The `ngit_sync_relay_connected` metric tracks the connection lifecycle:

- `0` = **Disconnected** - Not currently connected
- `1` = **Connecting** - Connection attempt in progress
- `2` = **Syncing** - Connected, historic sync in progress
- `3` = **Connected** - Connected, historic sync complete, live sync active
- `4` = **ConnectedDegraded** - Connected, historic sync failed, live sync active, partial data

This allows operators to distinguish between "connected but still catching up" (Syncing) vs "fully synced and live" (Connected) vs "degraded - missing historic data" (ConnectedDegraded).

### Relay Health States

The `ngit_sync_relay_status` metric tracks relay health:

- `1` = **Healthy** - Connected and stable
- `2` = **Disconnected** - Not connected, but no issues detected
- `3` = **Degraded** - Connection problems or unstable after recovery
- `4` = **Dead** - 24h+ of continuous failures
- `5` = **RateLimited** - Rate limit cooldown active (65s)

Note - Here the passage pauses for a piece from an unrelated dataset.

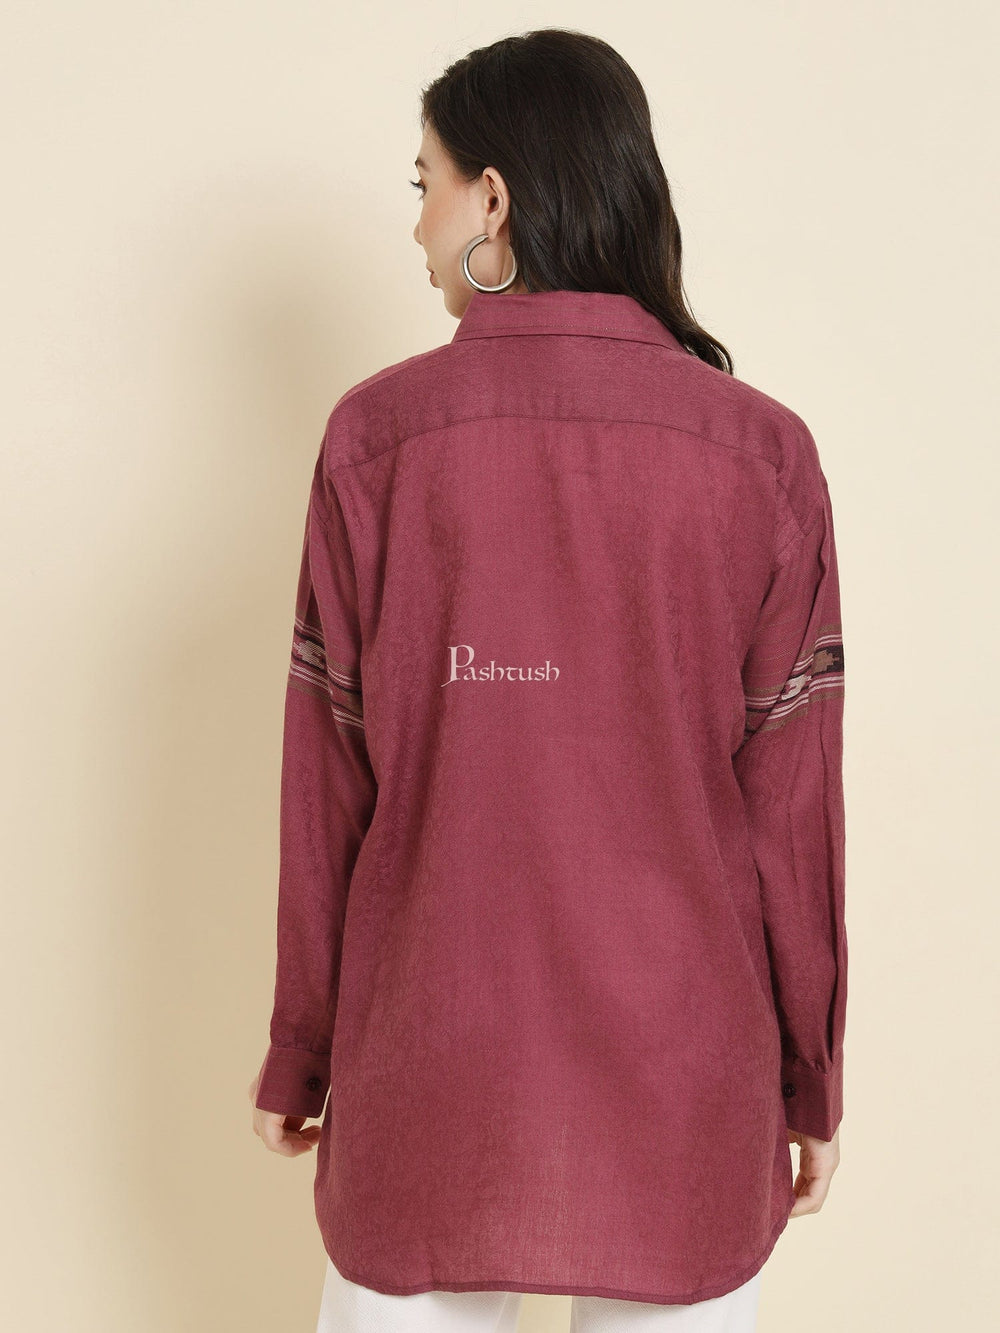 Pashtush India Womens Shirt Pashtush Womens Oversized Casual Woollen Shirt, Burgundy

### Example Grafana Queries

```promql
# Relay connection status overview - count by status
sum by (relay) (ngit_sync_relay_connected == 0)  # Disconnected
sum by (relay) (ngit_sync_relay_connected == 1)  # Connecting
sum by (relay) (ngit_sync_relay_connected == 2)  # Syncing
sum by (relay) (ngit_sync_relay_connected == 3)  # Connected
sum by (relay) (ngit_sync_relay_connected == 4)  # ConnectedDegraded

# Relays still syncing (not yet fully caught up)
count(ngit_sync_relay_connected == 2)

# Relays with degraded sync (missing historic data)
count(ngit_sync_relay_connected == 4)

# Connection success rate over last hour
sum(rate(ngit_sync_connection_attempts_total{result="success"}[1h]))
/ sum(rate(ngit_sync_connection_attempts_total[1h]))

# Event sync rate (newly saved events)
rate(ngit_sync_events_synced_total[5m])

# Relays with high failure counts (potential issues)
topk(10, ngit_sync_relay_failures)

# Relay health overview - count by health state
sum(ngit_sync_relay_status == 1)  # Healthy
sum(ngit_sync_relay_status == 2)  # Disconnected
sum(ngit_sync_relay_status == 3)  # Degraded
sum(ngit_sync_relay_status == 4)  # Dead
sum(ngit_sync_relay_status == 5)  # RateLimited
```

### Example Alerts

```yaml
# Alert if relay stuck in dead state for > 1 day
- alert: SyncRelayDead
  expr: ngit_sync_relay_status == 4  # Dead state
  for: 1d
  labels:
    severity: warning
  annotations:
    summary: "Sync relay {{ $labels.relay }} is dead (24h+ failures)"

# Alert if relay stuck in syncing state for > 1 hour
- alert: SyncRelaySlow
  expr: ngit_sync_relay_connected == 2  # Syncing state
  for: 1h
  labels:
    severity: info
  annotations:
    summary: "Sync relay {{ $labels.relay }} taking >1h to complete historic sync"

# Alert if too many relays are degraded
- alert: SyncManyDegraded
  expr: sum(ngit_sync_relay_status == 3) > 5  # Degraded state
  for: 15m
  labels:
    severity: warning
  annotations:
    summary: "{{ $value }} relays in degraded state"
```

### Design Rationale

**In-memory health tracking with Prometheus visibility** was chosen over database persistence because:

1. **Scale**: <100 relays means per-relay labels have acceptable cardinality
2. **Simplicity**: No database schema, migrations, or cleanup needed
3. **Operator visibility**: Prometheus + Grafana provide better dashboards than custom queries
4. **Restart behavior**: Conservative initial backoff (5s + jitter) avoids thundering herd on restart
5. **Historical data**: Prometheus retains health history; in-memory state only needs current status

See [GRASP-02 Proactive Sync](grasp-02-proactive-sync.md) for full architecture details.